There is absolutely no legal requirement that says the only way you can access DC pension funds is via an annuity. In fact forcing anyone to do this would be illegal.
So while that may be what annuity providers and credit card companies would like that is wishful thinking on their part.
You seem to be suggesting that credit card companies can stick with outdated methods of risk analysis because it suits them. And if we pensioners want a credit card we have to accept their outdated rules. No thanks!
It should be that credit card companies adopt 21c attitudes to pension access and modify their risk algorithms accordingly. That is their problem, not ours.
All protected characteristics are “different” and will present a difference to modelling on spend, etc. That’s not a reason to deny people access to products IMHO.
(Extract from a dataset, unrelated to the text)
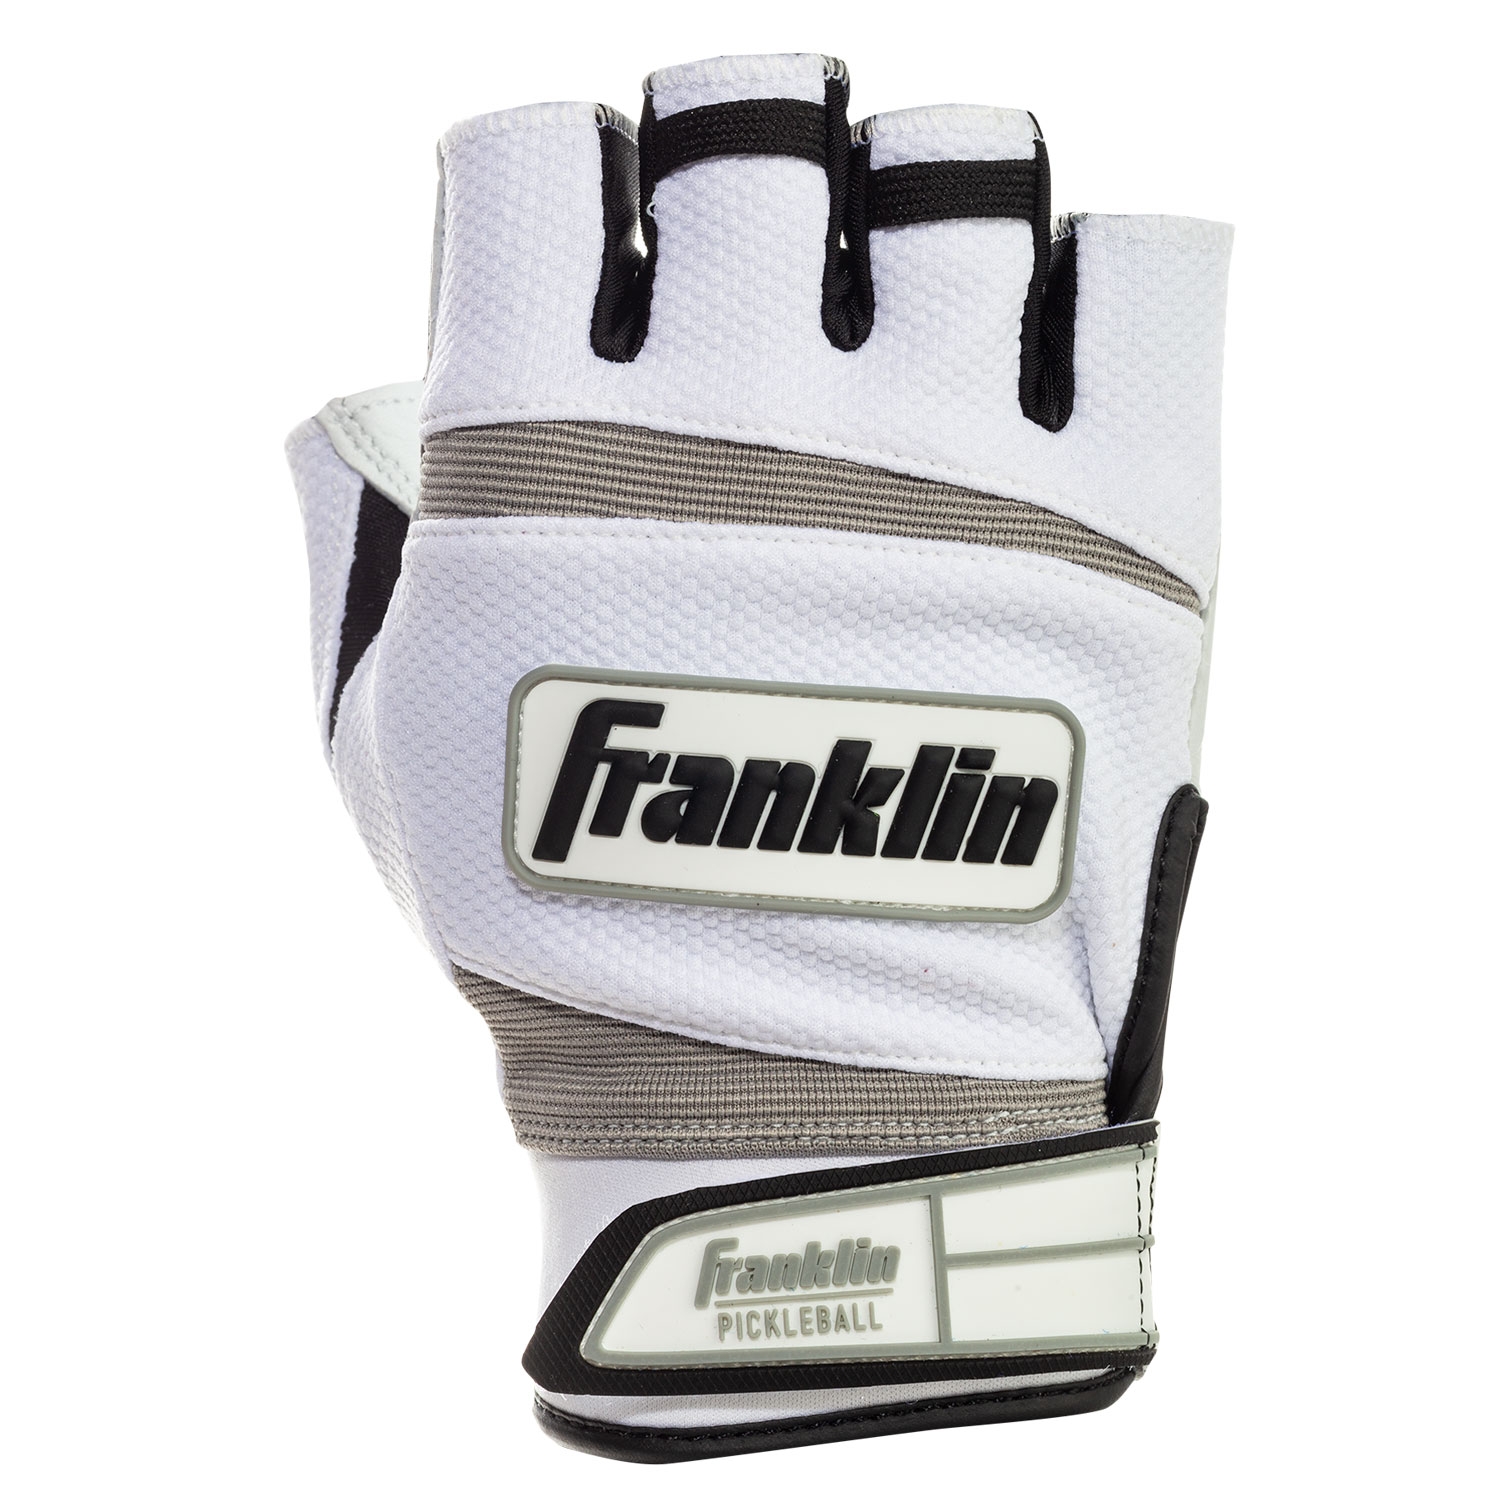 Quality Sports Flex Pickleball Glove Ultimate Performance Leather Palm Breathable Glove Right or Left Hand

The financial services age exemption came after extensive consultation with both industry and consumer groups. Some things obviously bothered the industry; for example, if it were illegal to include age as a factor in pricing life assurance, annuities or health insurance, those products would immediately disappear from the market. Other things bothered consumer groups: should a 55-year-old be offered a 30 year mortgage, for example? Many lenders would be happy with the credit risk, but it could lead to homelessness amongst vulnerable retirees.
You might have a philosophical perspective that you should be free to make a bad decision that could throw you onto the streets in your eighth decade, but, for better or worse, we live in a country where governments and consumer lobby groups have determined that you need to be protected from yourself. So, whether you like it or not, people in the UK will be denied access to products based on their age or retirement status for the foreseeable future.